Man holds in himself tremendous hidden powers. Science is rapidly unveiling them. They were being unveiled to a degree by the Greeks even in the time of this young carpenter; but the Jewish people neither believed in nor heeded a school that gave an explanation of things marvelous. They were set in their superstition. No book that described certain fixed laws of nature was, for one moment, to take the place of Moses and the prophets. Even the Galilean himself is clinging to these old Bible poems. It is the wrong interpretation of them, possibly, by Himself sometimes, that is driving Him to a religious rebellion.

The great church doctors might not like it, were they to hear it—this young carpenter with the soft words, and the radiance in His face, slipping back and forth from Galilee to the desert and from the desert to Galilee, proselyting the peasants, and telling them that God is not to be worshiped in the semi-heathen manner in which they are doing it at Jerusalem. Yet, no matter. What care the great religious doctors at the Sacred City? Who ever heard of this Galilean carpenter anyway, or of His reforms? Some day, and soon, they will hear of Him. They have already heard of John, but they are about to settle the score with John. His extremeness and his violence of speech have attracted the attention of the king of Galilee, and soon news will come that John's head on a platter has paid for the lascivious dancing of a girl at court. Some old writers say it was the king's own daughter who did the dancing that night in Antipater's palace by the Dead sea. Anyway, the voice of him who called in the wilderness, is soon to be stilled forever.

No, the carpenter's name has not yet reached outside His Galilee. Aside from an occasional journey to Jerusalem when He was younger and His foot tramps to the solitude by the desert, there is little to tell that He has been outside the little province where He was born. His life in His home village, aside from His carpenter work, is that of a religious enthusiast. Some will call Him even a visionary. He has heard so much of a coming king and an overturning of everything in the world that He himself almost begins to look for something extraordinary. Why not? He is yet a Jew, and the teaching of the rabbis and of the Old Scriptures has been the coming of some kind of a king—a great Messiah, who, from out little Palestine, shall rule the world in an age of gold. The age, perhaps, is taking something out of the Bible that is not in it. Our own age has done that many times. Is it doing it to-day? Never in this world did imagination reach so high a pitch as it did among the Jews in that wonderful time. Nothing was talked of or thought of, but the coming golden age and the new king, riding in a chariot of the clouds. It was not only a very expectant, superstitious age, it had been a troubled one. The world had been full of disorder, conflict. Everywhere had been war and tyranny. Especially, the whole Jewish race, the especial people of God, had known too often only of tyranny and sorrow. Even their own church, and church was the government with them, had drifted into a religious tyranny—the worst tyranny of all. It was, too, hemmed in by the awfullest form and ceremony. No one in this twentieth century who is not familiar with the Jewish Talmud and the earlier writings, can have the remotest conception of the thousand formalities, ceremonies, mummeries even, imposed upon the people of the church in the olden days. Later, ten volumes of the Talmud will be required to explain, to interpret, establish, and to write down the manner in which the commonest things of life might be done. The great Sanhedrin, or Supreme Court and Senate of the Jews at Jerusalem, together with the scribes and priests about the temple, seemed banded together to make religion an awful, unbearable burden, and life a farce.

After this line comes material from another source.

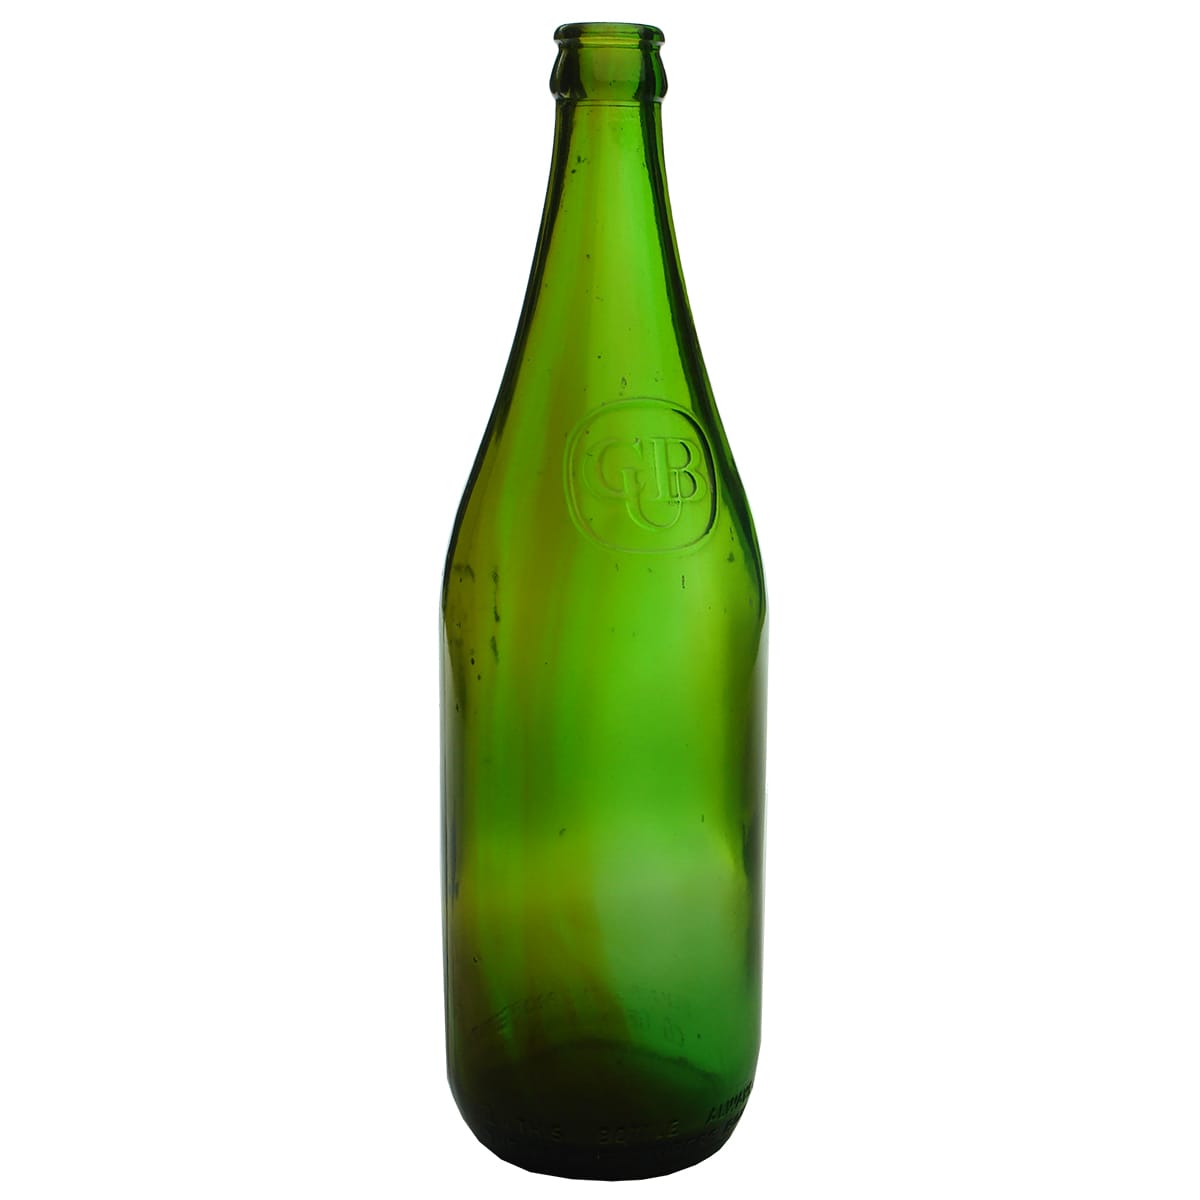 Beer. CUB. Manufacturers Bottle Company of Victoria. Green! 26 oz. Crown Seal. (Victoria)

Though all Palestine was a Roman province the Romans interfered but little with this religious despotism. The Romans had enough wrongs of their own to inflict upon the people. The whole race of Jews in their home government had their own laws, their own Jewish customs, habits, and religion. The Romans simply made them subjects of CÆsar, and they rendered unto CÆsar only that which was CÆsar's, as this youth of Galilee, later, would suggest their doing.

The empire collected taxes, very heavy ones, from the people, and occasionally forced them into its armies. The Roman eagles and the Roman soldiers were familiar sights in every town and village of Palestine. The Romans usually had enough to do at home to disincline them from bothering themselves too much with the religion of the Jews. Wars they had had everywhere. But just now, at the time of the Master's coming, there was a sort of peace in the world—a truce for breath, as it were. That is to say, the Roman empire that has its foot on almost the whole earth is resting a little. Rome's untold horrors, wars, corruptions, its licentiousness, its inhumanity to man, its blood and outrages have stopped their course at the eternal city for a little while. It is almost out of victims. Violence has ceased, only because violence has done its work.

The social conditions at Rome just before Augustus came to the throne were too terrible to be believed. That some of this outrage and terror had spread into the provinces of Palestine through governors and petty kings, appointed by, and tools of Rome, is only too well known. Herod himself was bloody enough to have served as an example for the worst the Roman empire, even, could endure. In Palestine, however, the great Jewish church served somewhat as a little hindering-wall to the element that had been almost crushing decent humanity out of the world.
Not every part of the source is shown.